> WORK TASK
Leaving the pictures aside, transcribe every line below exactly.

> SUPPLIED MATERIAL
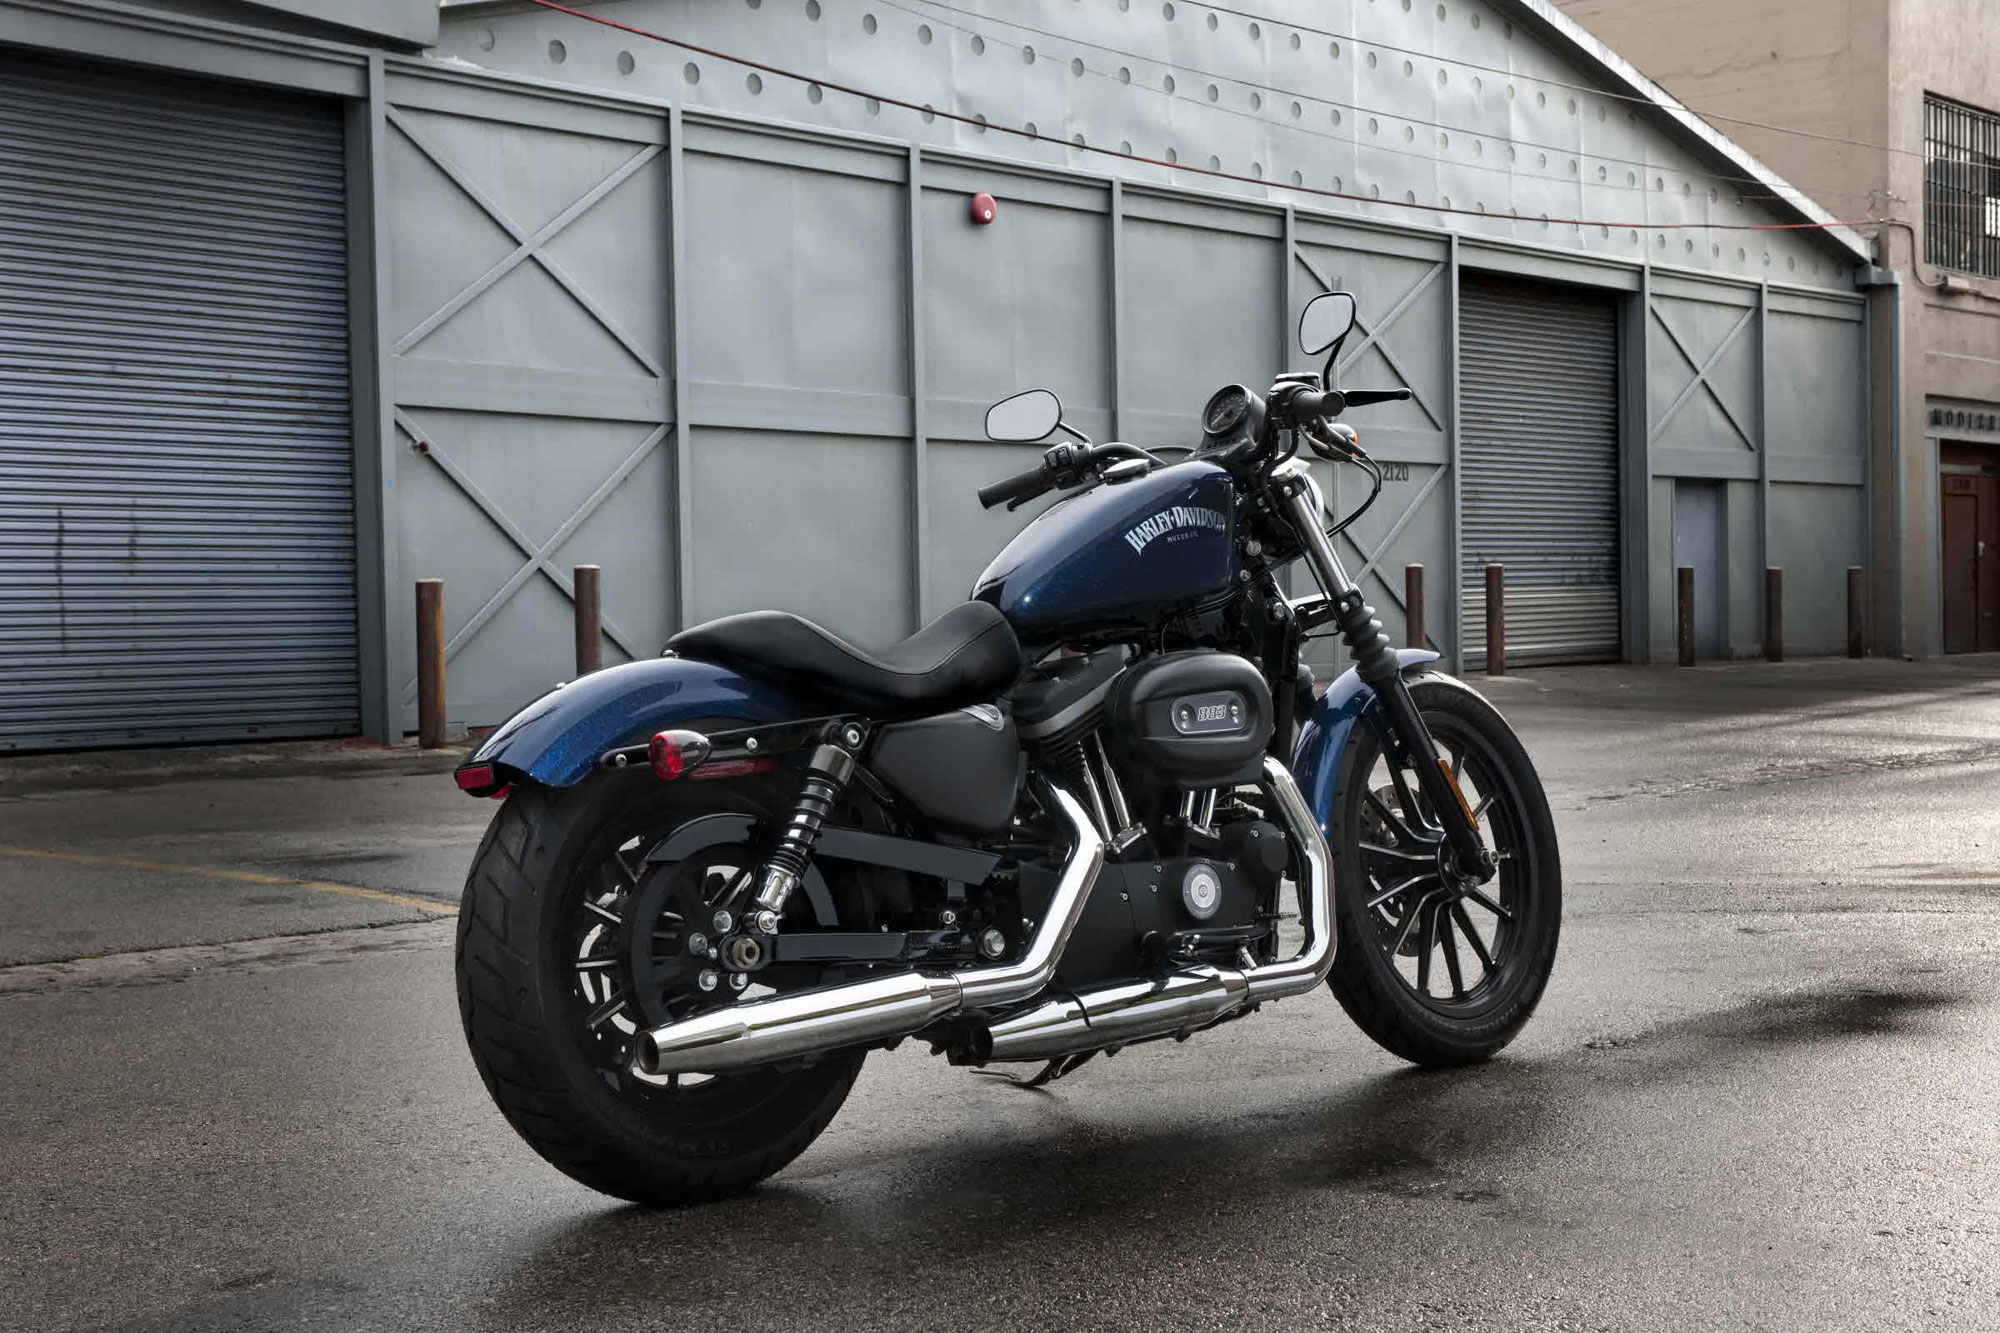 2014 Harley Davidson XL883N Iron 883 f wallpaper | 2014x1343 ...
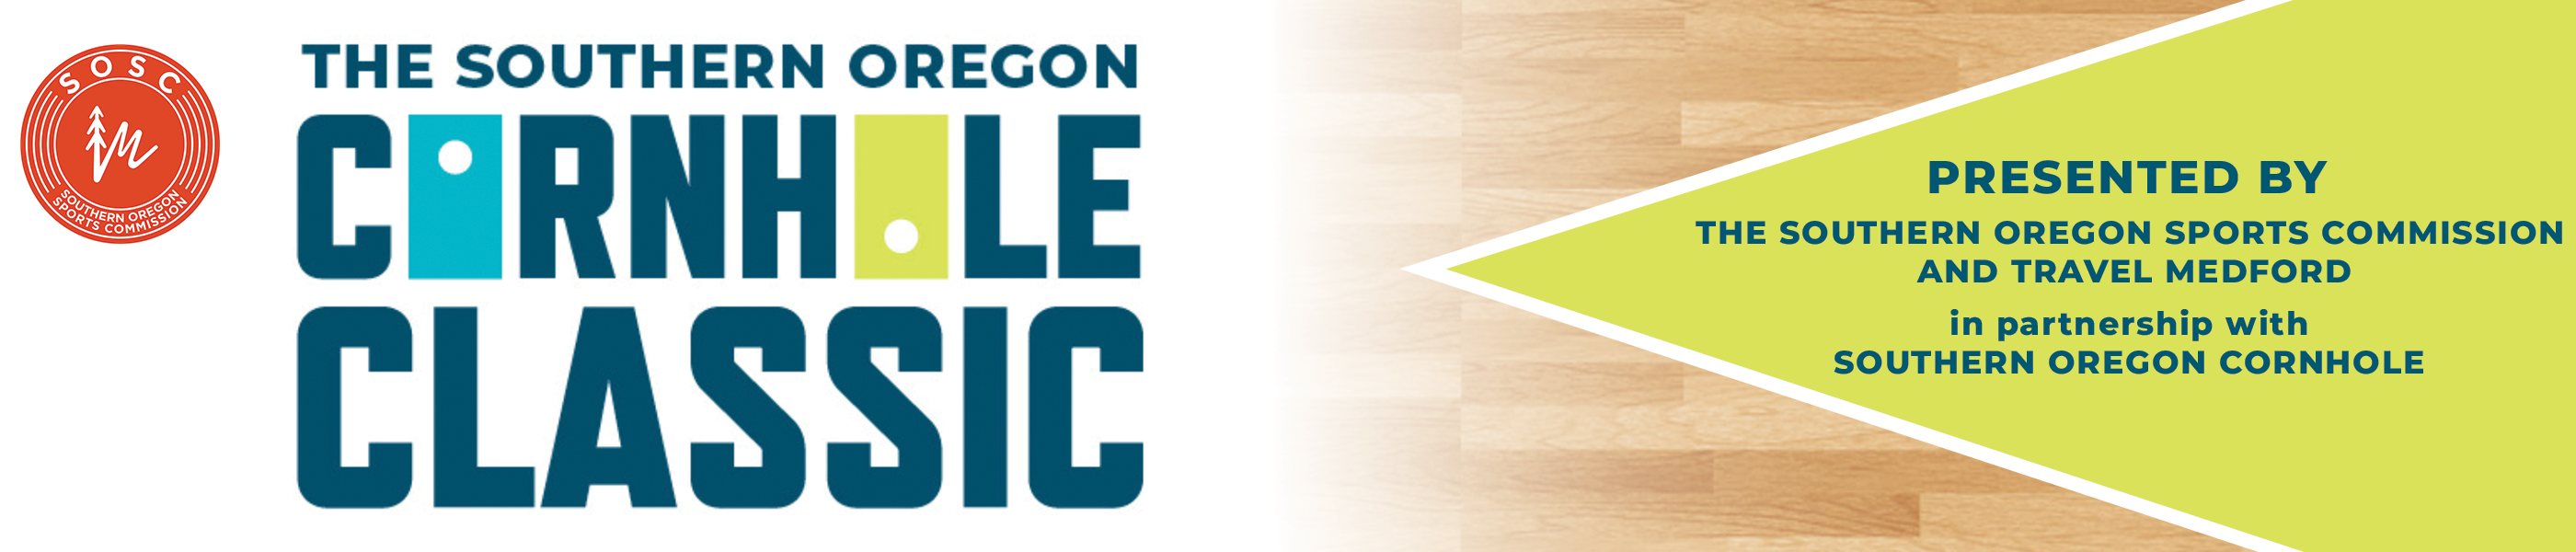 SOSC logo, southern oregon sports commission, sports, southern oregon cornhole classic 2022
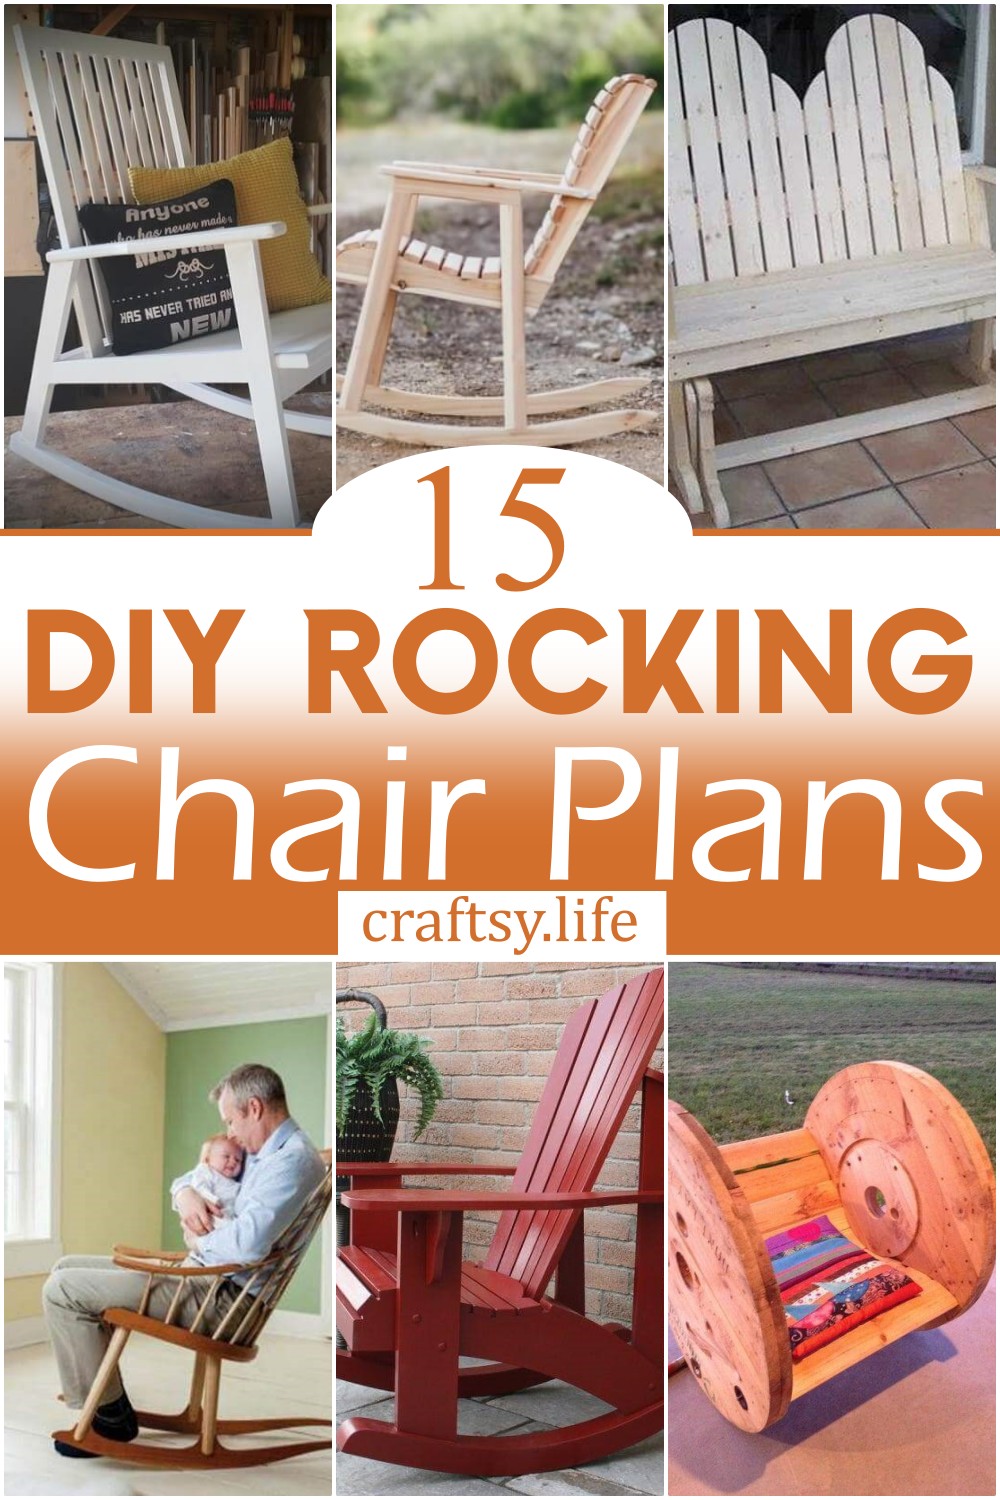 DIY Rocking Chair Plans 1
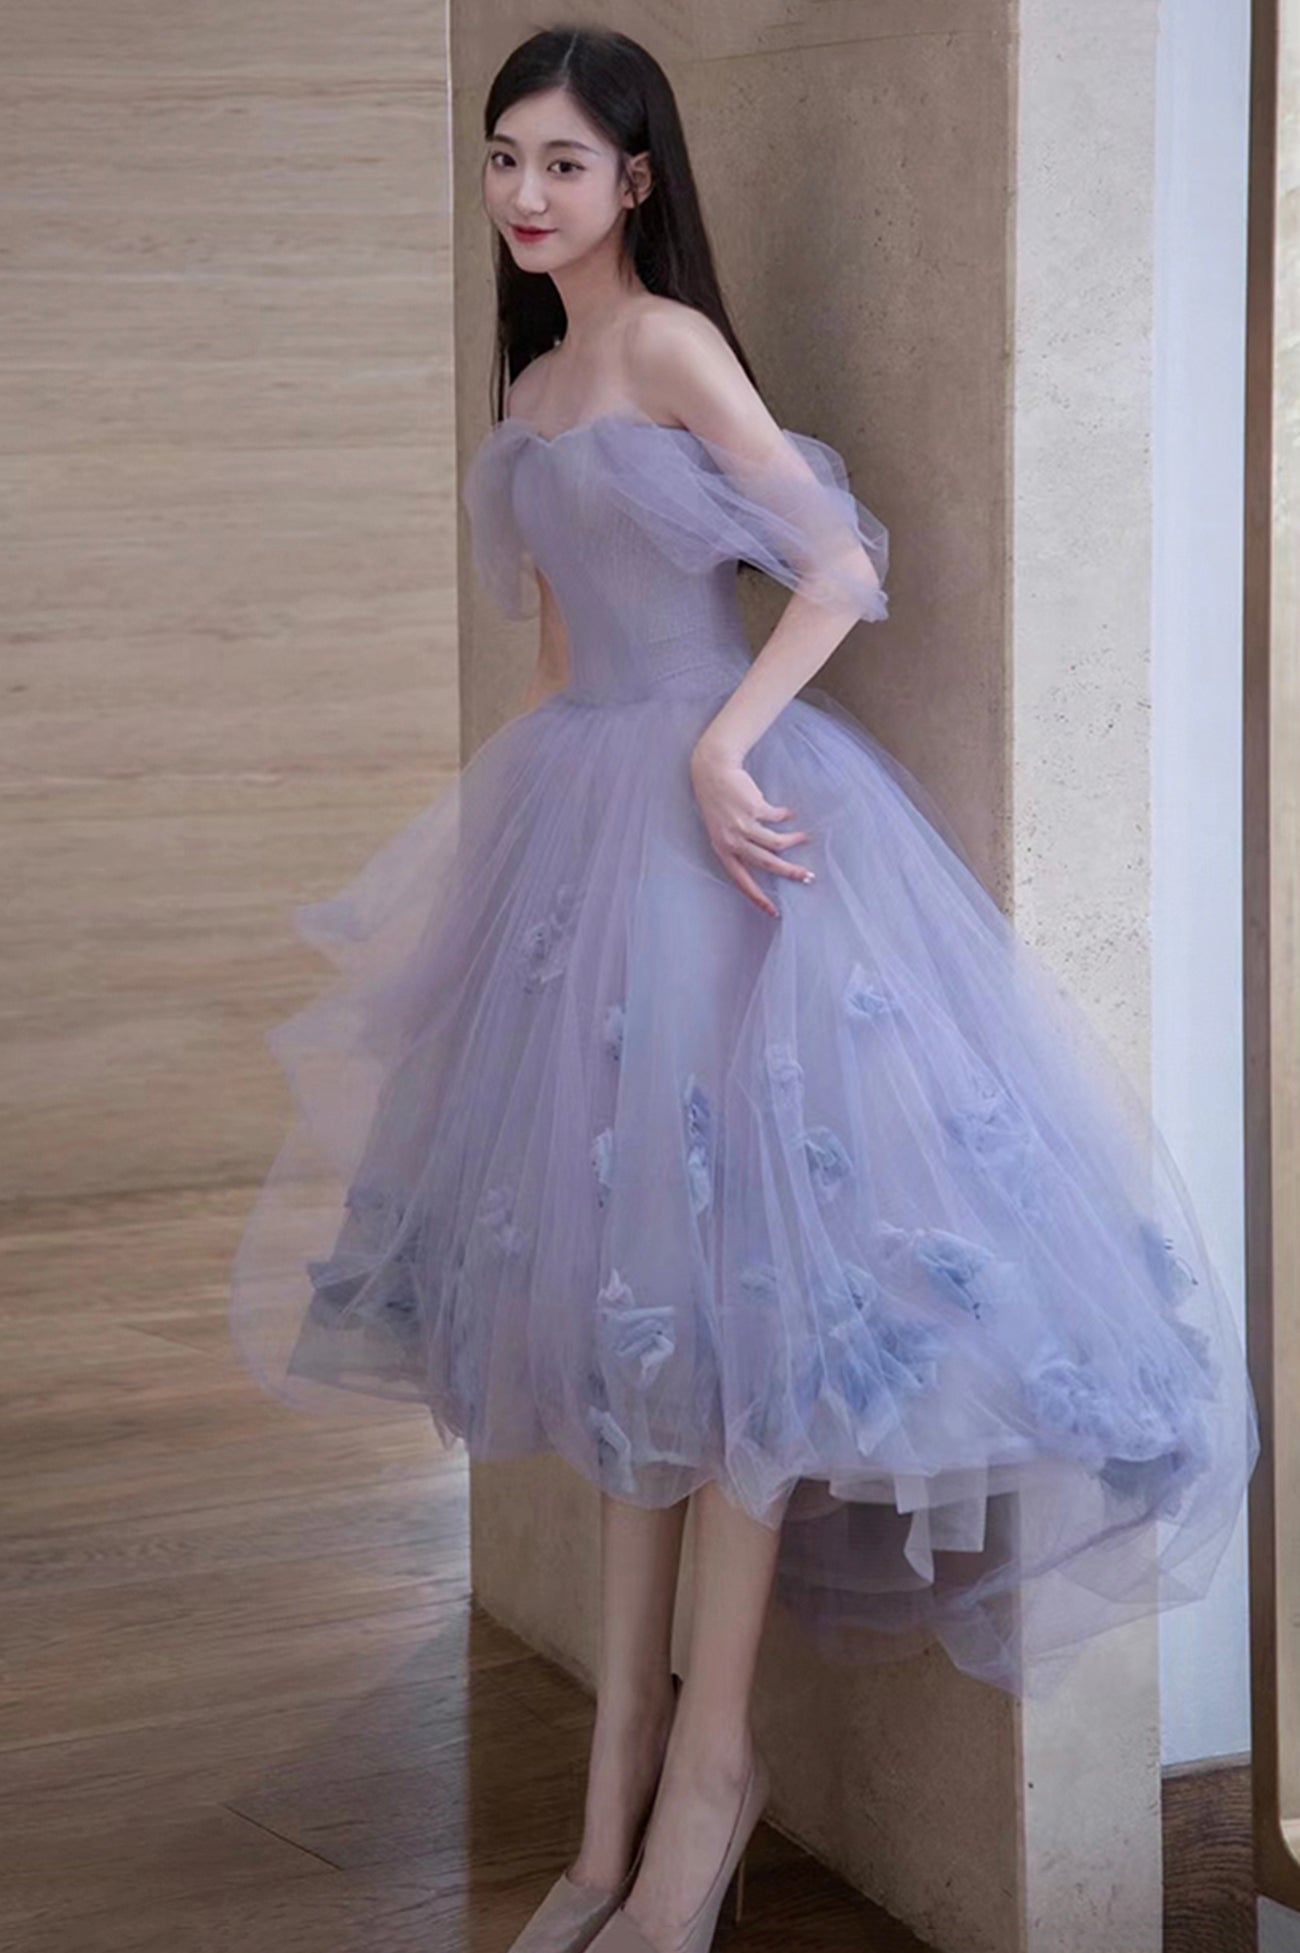 Cute Tulle Short A-Line Prom Dress, Purple Off the Shoulder Evening Dress

> RESPONSE AREA
 2014 Harley Davidson XL883N Iron 883 f wallpaper | 2014x1343 ...
 SOSC logo, southern oregon sports commission, sports, southern oregon cornhole classic 2022
 DIY Rocking Chair Plans 1
 Cute Tulle Short A-Line Prom Dress, Purple Off the Shoulder Evening Dress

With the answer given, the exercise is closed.